The Tory front, the Campaign for Equal Citizenship, had more success. That is to say, the CEC managed to badger the Tory hierarchy in London to overrule the misgivings of its NIO ministers and to allow would-be Tories in Norn Iron to not only join the party, but to organise constituency associations and stand in elections. And for a few short years, it appeared that they might even gain some critical mass, at least in the prosperous and eccentric constituency of North Down, where lots of well-heeled unionists like to imagine that they really are just an exclave of Surrey. But they never amounted to much outside North Down, and even there it turned out that the Tory moment wasn’t much more than an interlude between differing brands of independent unionism, that of the late Jim Kilfedder and of Bob “Cream Bun” McCartney.
So what does Reggie think he’s playing at? Restoring the Tory-UU link broken in 1972 has been a long-term project of David Trimble, now sitting as a Tory peer, but it’s not like Trimble is a power in the land any more. What’s more, some people in the Unionist Party aren’t too thrilled about this mating dance. Chris McGimpsey remains fixed on his quixotic plan to reinvent the Official Unionists as a party of the left. More seriously, the party’s sole MP, Lady Sylvia Hermon, has been New Labour’s most consistent ally in parliament. This may count for something, as there’s no way that Reggie is going to be elected an MP in East Belfast, if he attempts a move to the more promising territory of South Belfast Michael McGimpsey will just tell him to fuck off, and that just leaves the question of what Sylvia’s intentions in North Down are.

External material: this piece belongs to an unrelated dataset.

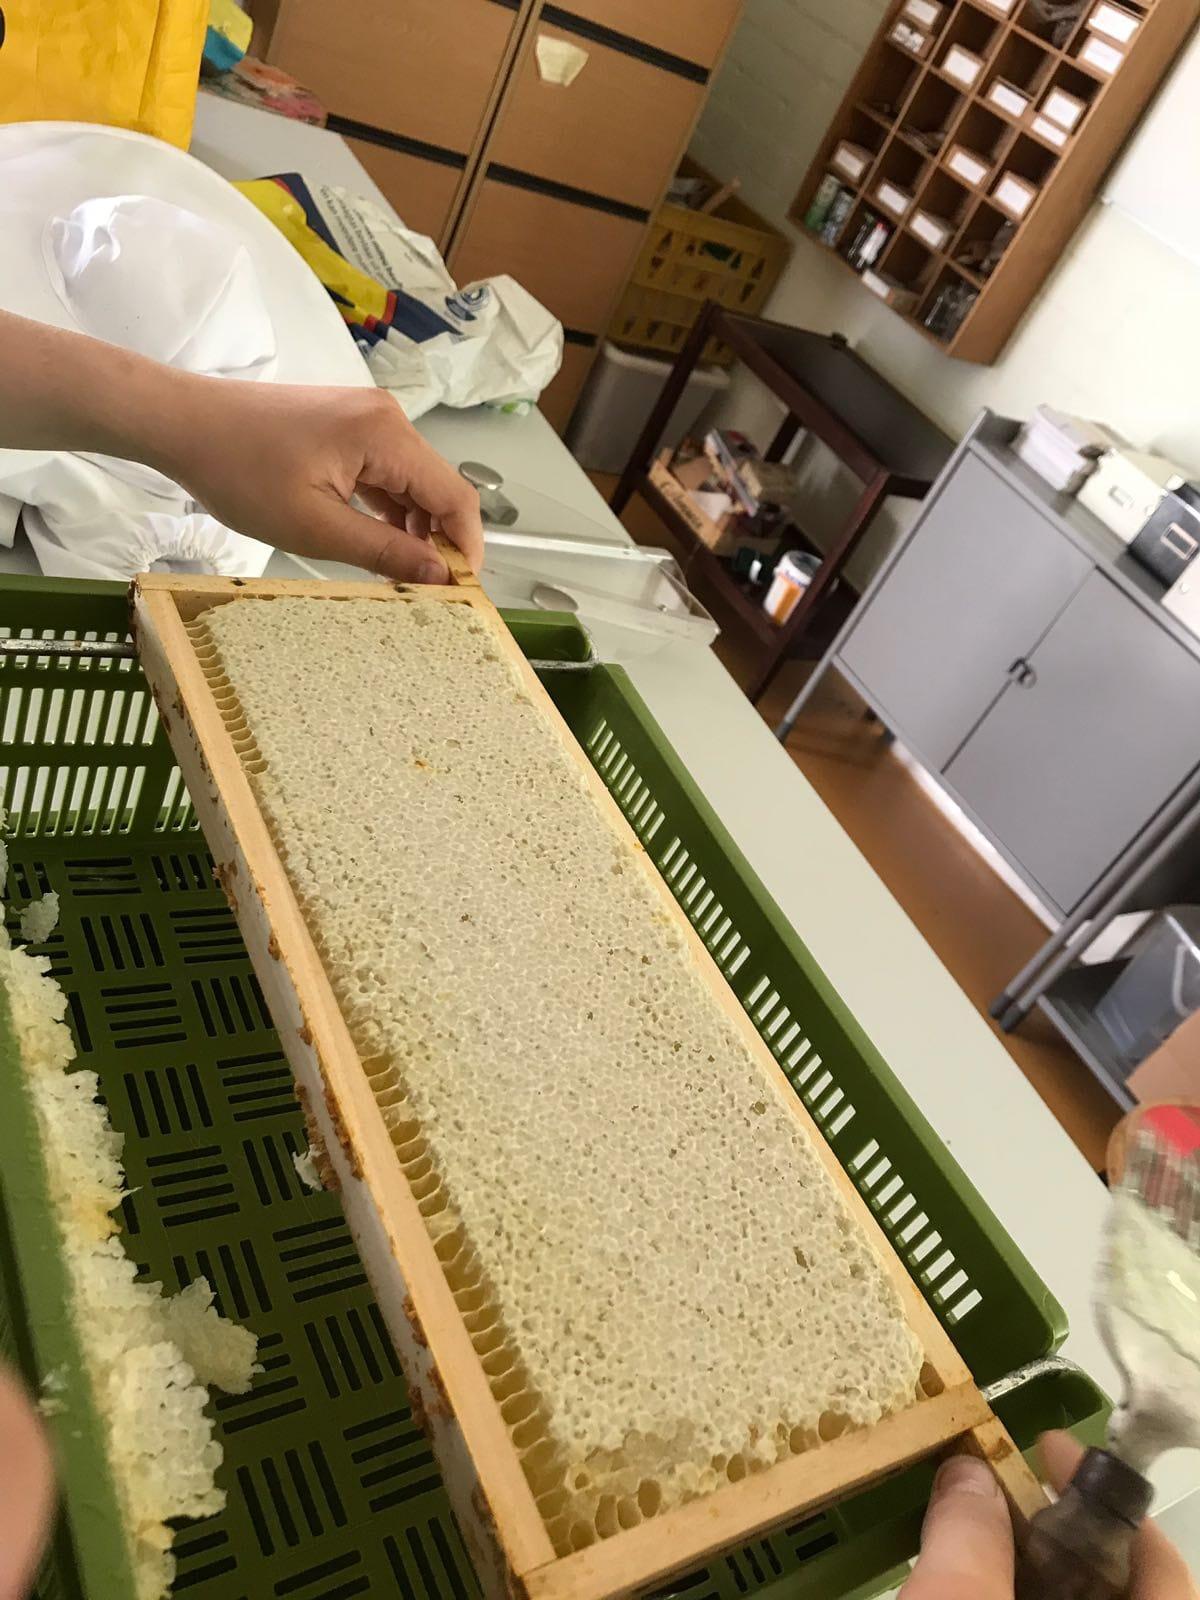 Verdeliet - Bijen - honing slingeren - foto 5.jpeg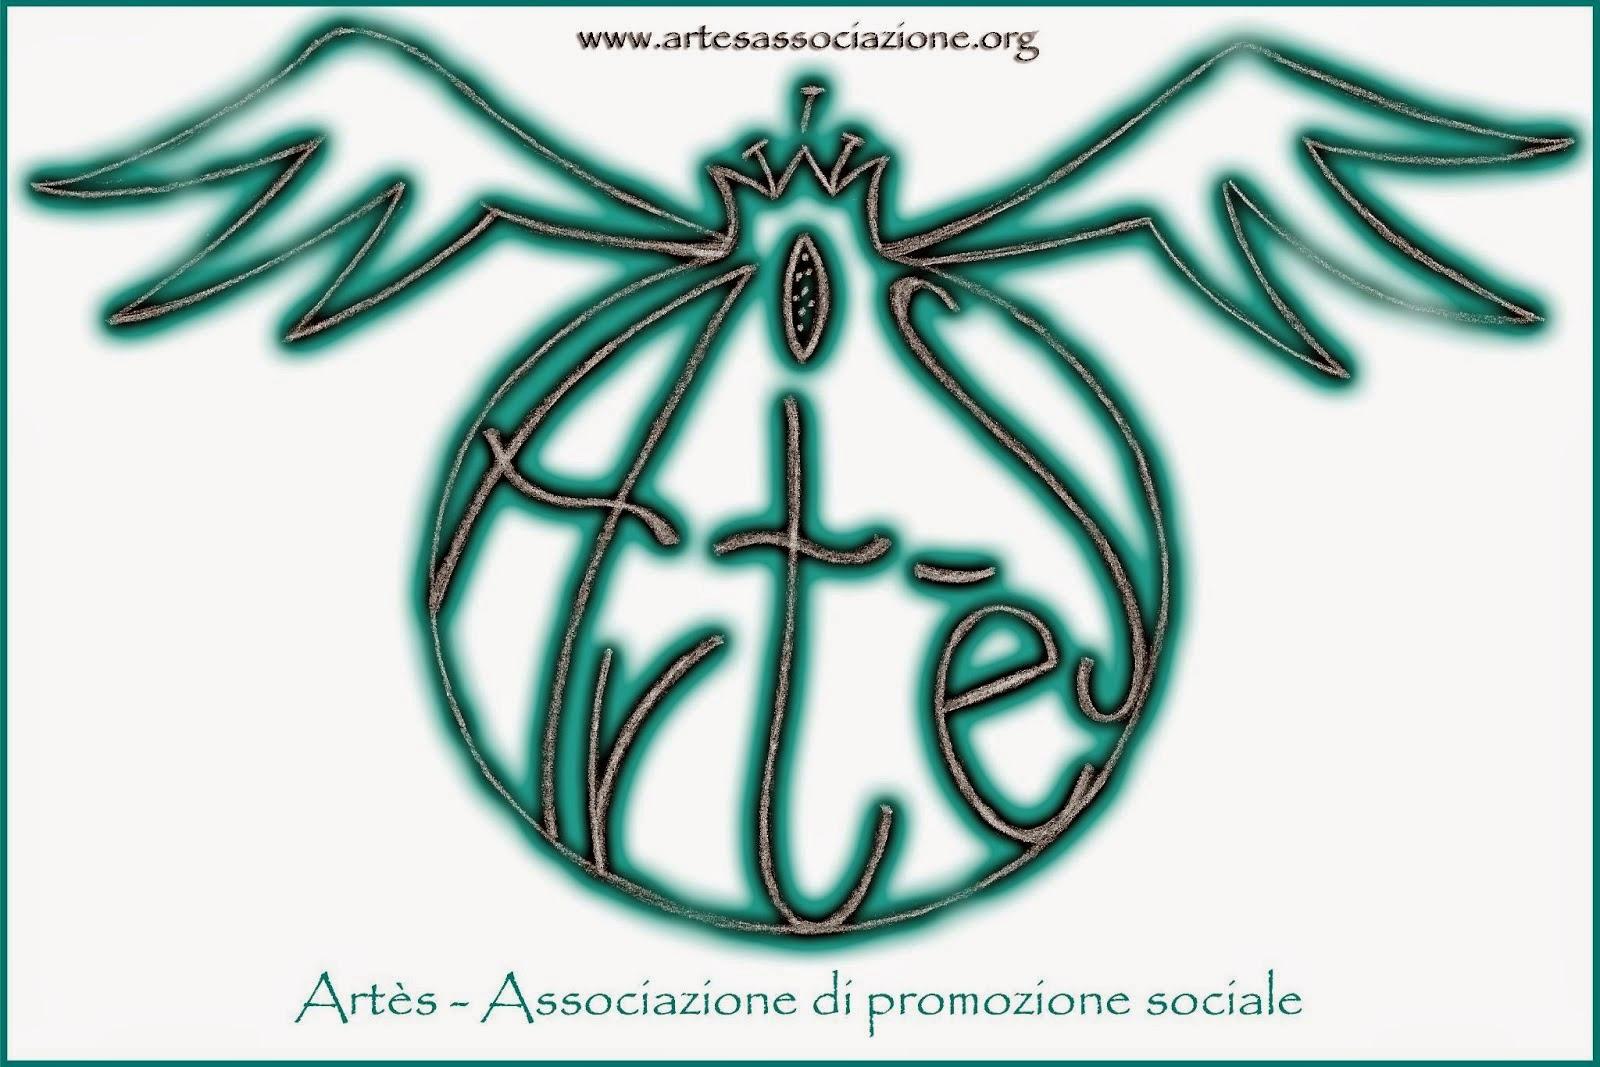 In collaborazione con Associazione Artès

More generally, is this going to play with the punters? The Unionists’ strength used to be that they were a catch-all party, and there’s still a sociological base for a unionist party that isn’t the DUP. But is allying with the Tories, even the Cameron Tories, going to play well with the punters? Is it going to be an irrelevant formality like the SDLP’s supposed fraternal relationship with Labour – in which case why bother with this UCUNF boondoggle? And how exactly does this brave new move into the British mainstream mesh with Reggie’s harebrained idea of a transfer pact with Prodiban leader Jim Allister in the Euro-elections?
Well, perhaps it’s just a symptom of a party with no ideas left grasping at straws. That too would be consistent with the party’s doomed attempts to outflank the DUP on the right, which have just led to them losing the voters they had previously won from Alliance. But why in the name of God would the Tories want the Unionists on board? What’s in it for them? Don’t they know these guys are more trouble than they’re worth?
Rud eile: On the subject of North Down, Alliance have picked as their Euro candidate the borough’s deputy mayor Ian Parsley, who seems like a pleasant young chap. The sceptics will be laughing on the other side of their faces when he picks up 250,000 votes from dyslexic DUP supporters who think Ian Paisley is on the ballot paper.